O presidente disse que US$ 760 milhões foram destinados à pasta da Saúde para conter a emergência sanitária de Covid-19. O governo criou o Fundo de Proteção de Emergência, o Fundo de Proteção à Família, com um investimento de US$ 45 milhões para atender a 950 mil famílias. Cerca de 750.000 famílias receberam cestas de alimentação, número que deve chegar a 8 milhões de pessoas. A Lei Humanitária prevê prorrogações no pagamento do aluguel e proíbe despejos. A contribuição à seguridade social ou o preço da cesta familiar será reduzido na proporção da redução da jornada de trabalho?

Foram anunciados empréstimos para micro, pequenas e médias empresas através do programa Reactívate Ecuador. Ele lembrou a redução de 50% nos salários do presidente, vice-presidente, ministros e vice-ministros. "Muitas vezes, os esforços e sacrifícios que pedimos não são populares", disse o presidente.

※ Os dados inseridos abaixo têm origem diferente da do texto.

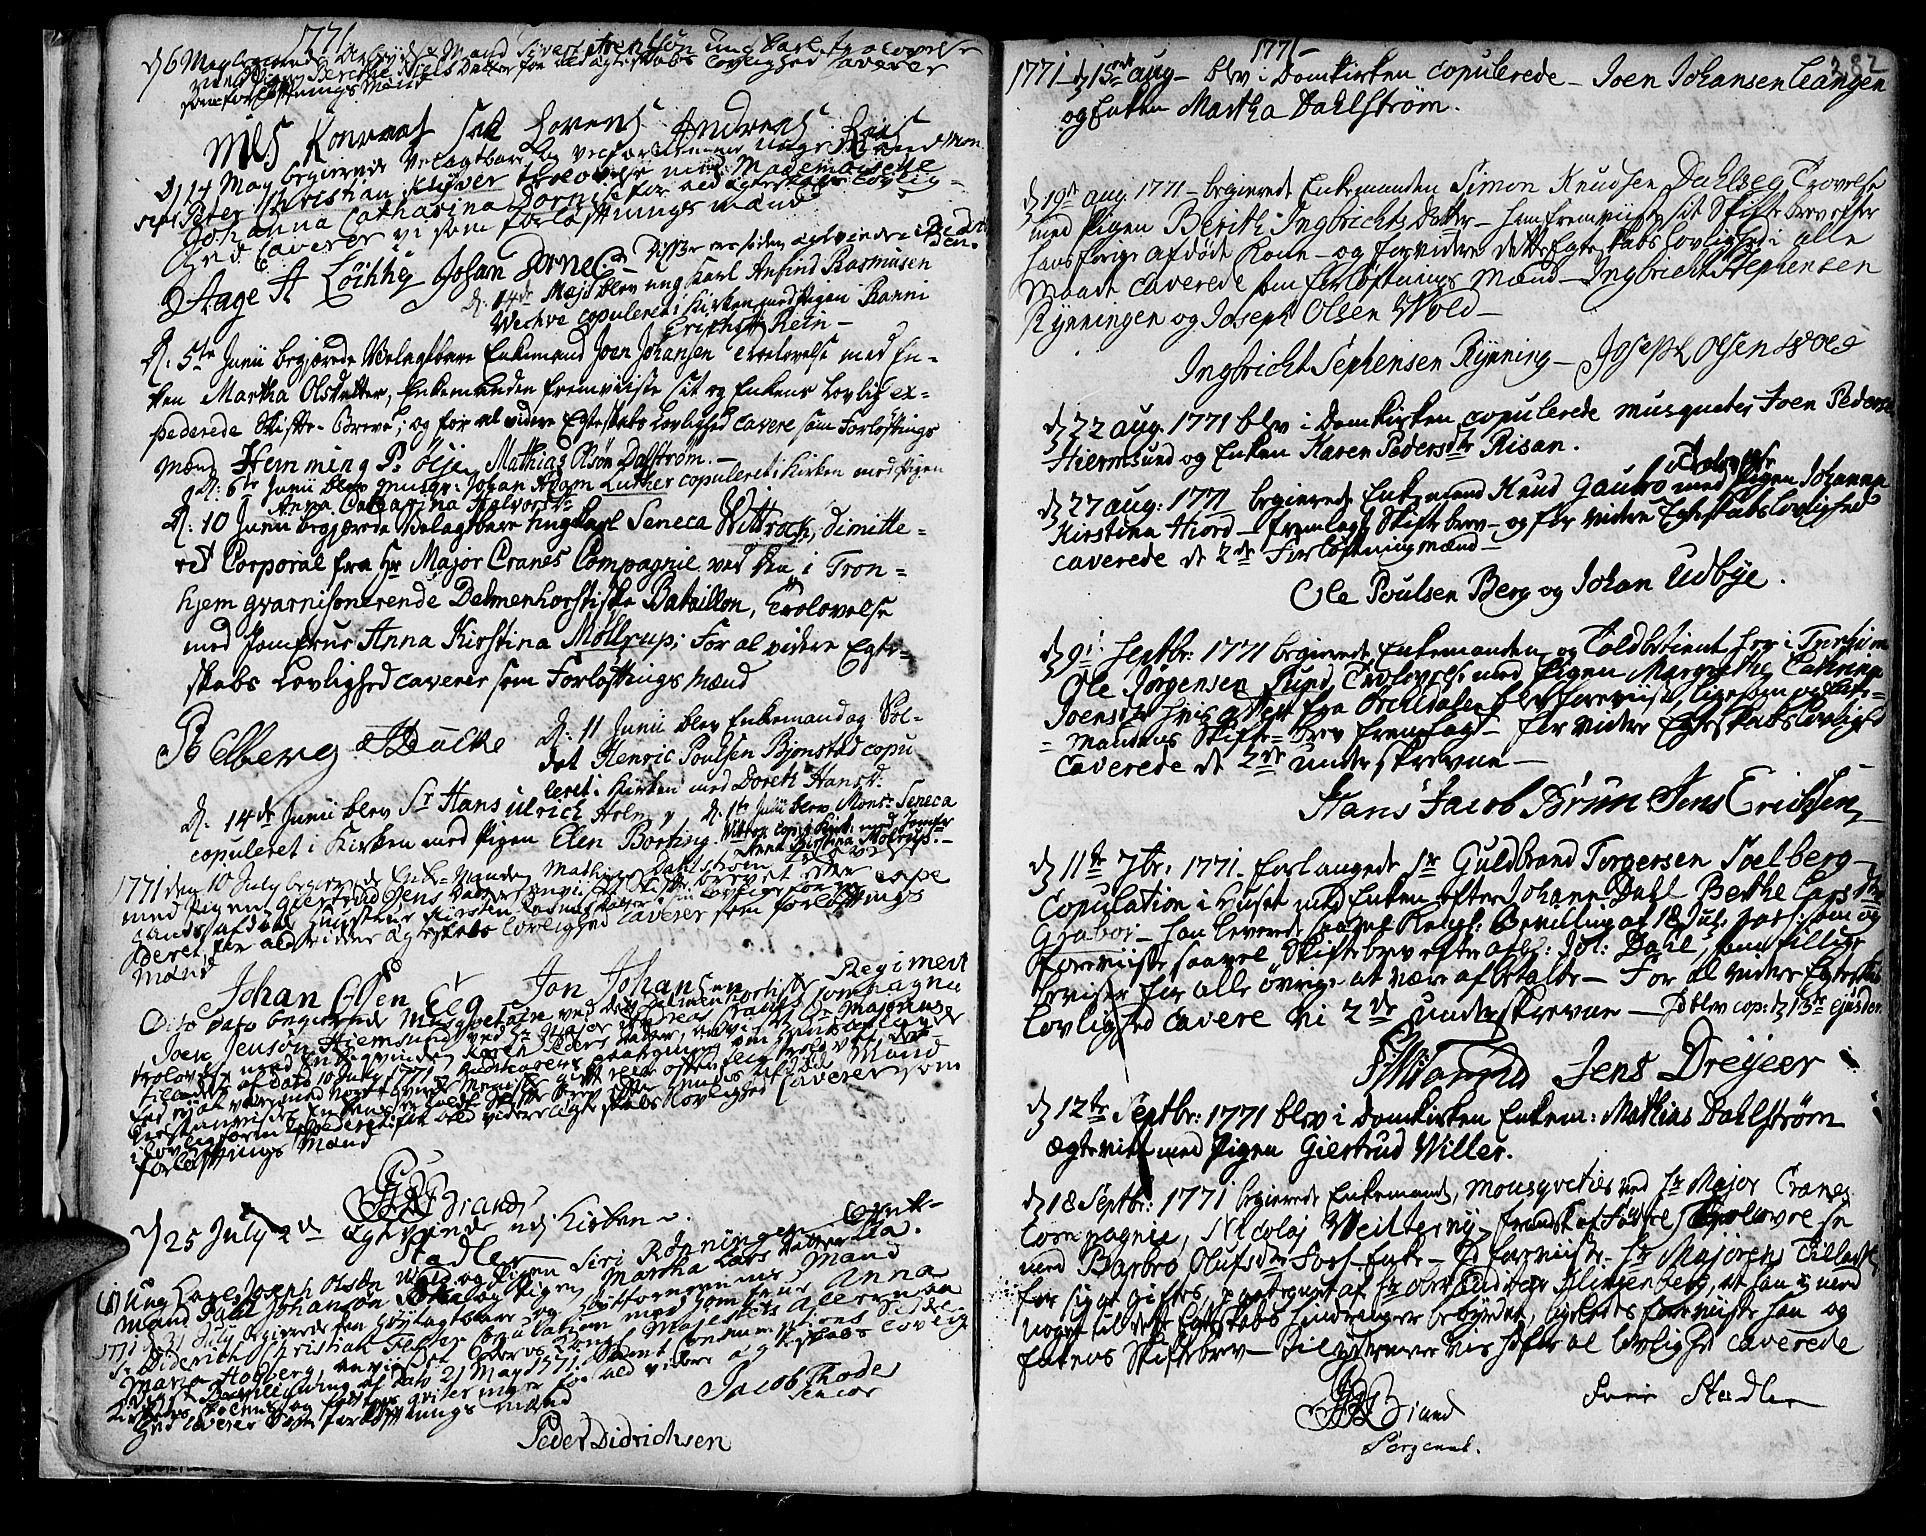 SAT, Ministerialprotokoller, klokkerbøker og fødselsregistre - Sør-Trøndelag, 601/L0038: Ministerialbok nr. 601A06, 1766-1877, s. 282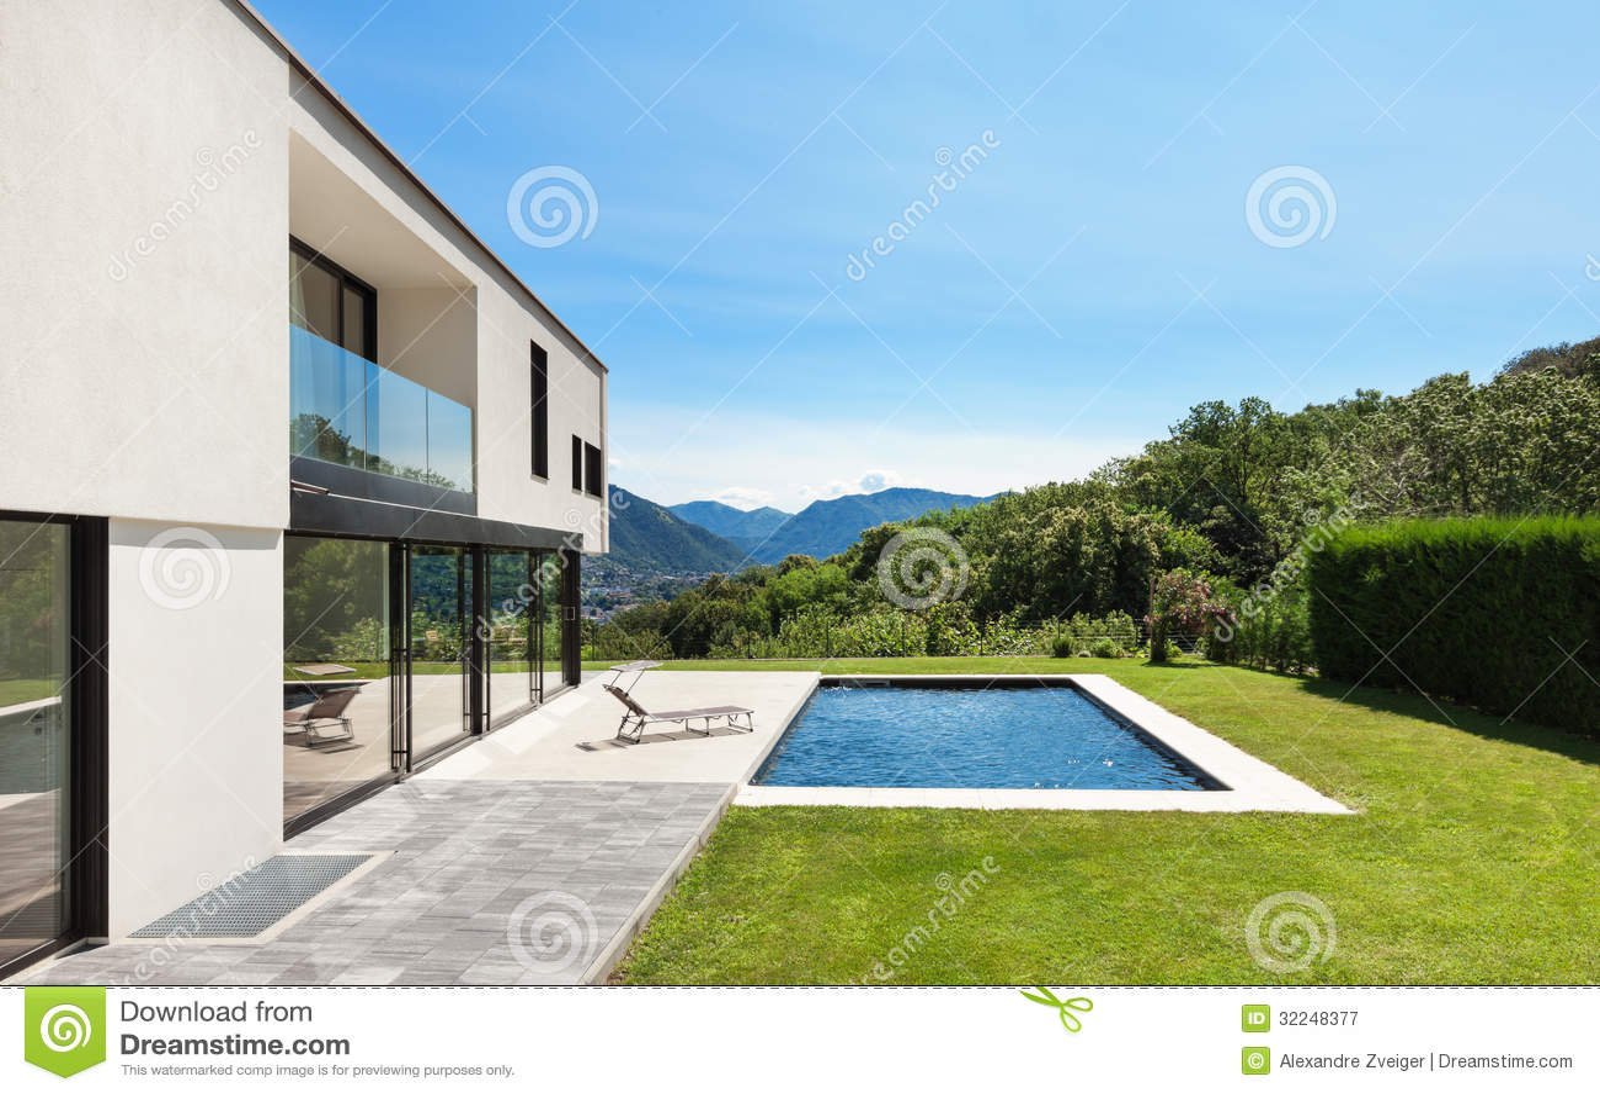 Chalet moderno con la piscina fotograf a de archivo libre - Chalet con piscina ...

Continuam chegando relatos de corrupção na compra de suprimentos médicos, e a desolação persiste devido ao desaparecimento de cadáveres em hospitais públicos de Guayaquil. Esta e outras histórias podem ser relatadas pelo Comitê Permanente de Defesa dos Direitos Humanos (CDH).

Manifestantes e policiais se agrediram nas praças de Quito até que foram embora. Este é um panorama que se repete em outras cidades do país, como Guayaquil, Cuenca ou Manta, Cayambe, onde a sociedade civil é mobilizada. "Abandonar a praça" era a ordem das forças públicas. Um palhaço com a bandeira equatoriana foi o último a deixar da praça. Quantos dias mais de luta e resistência têm os equatorianos pela frente?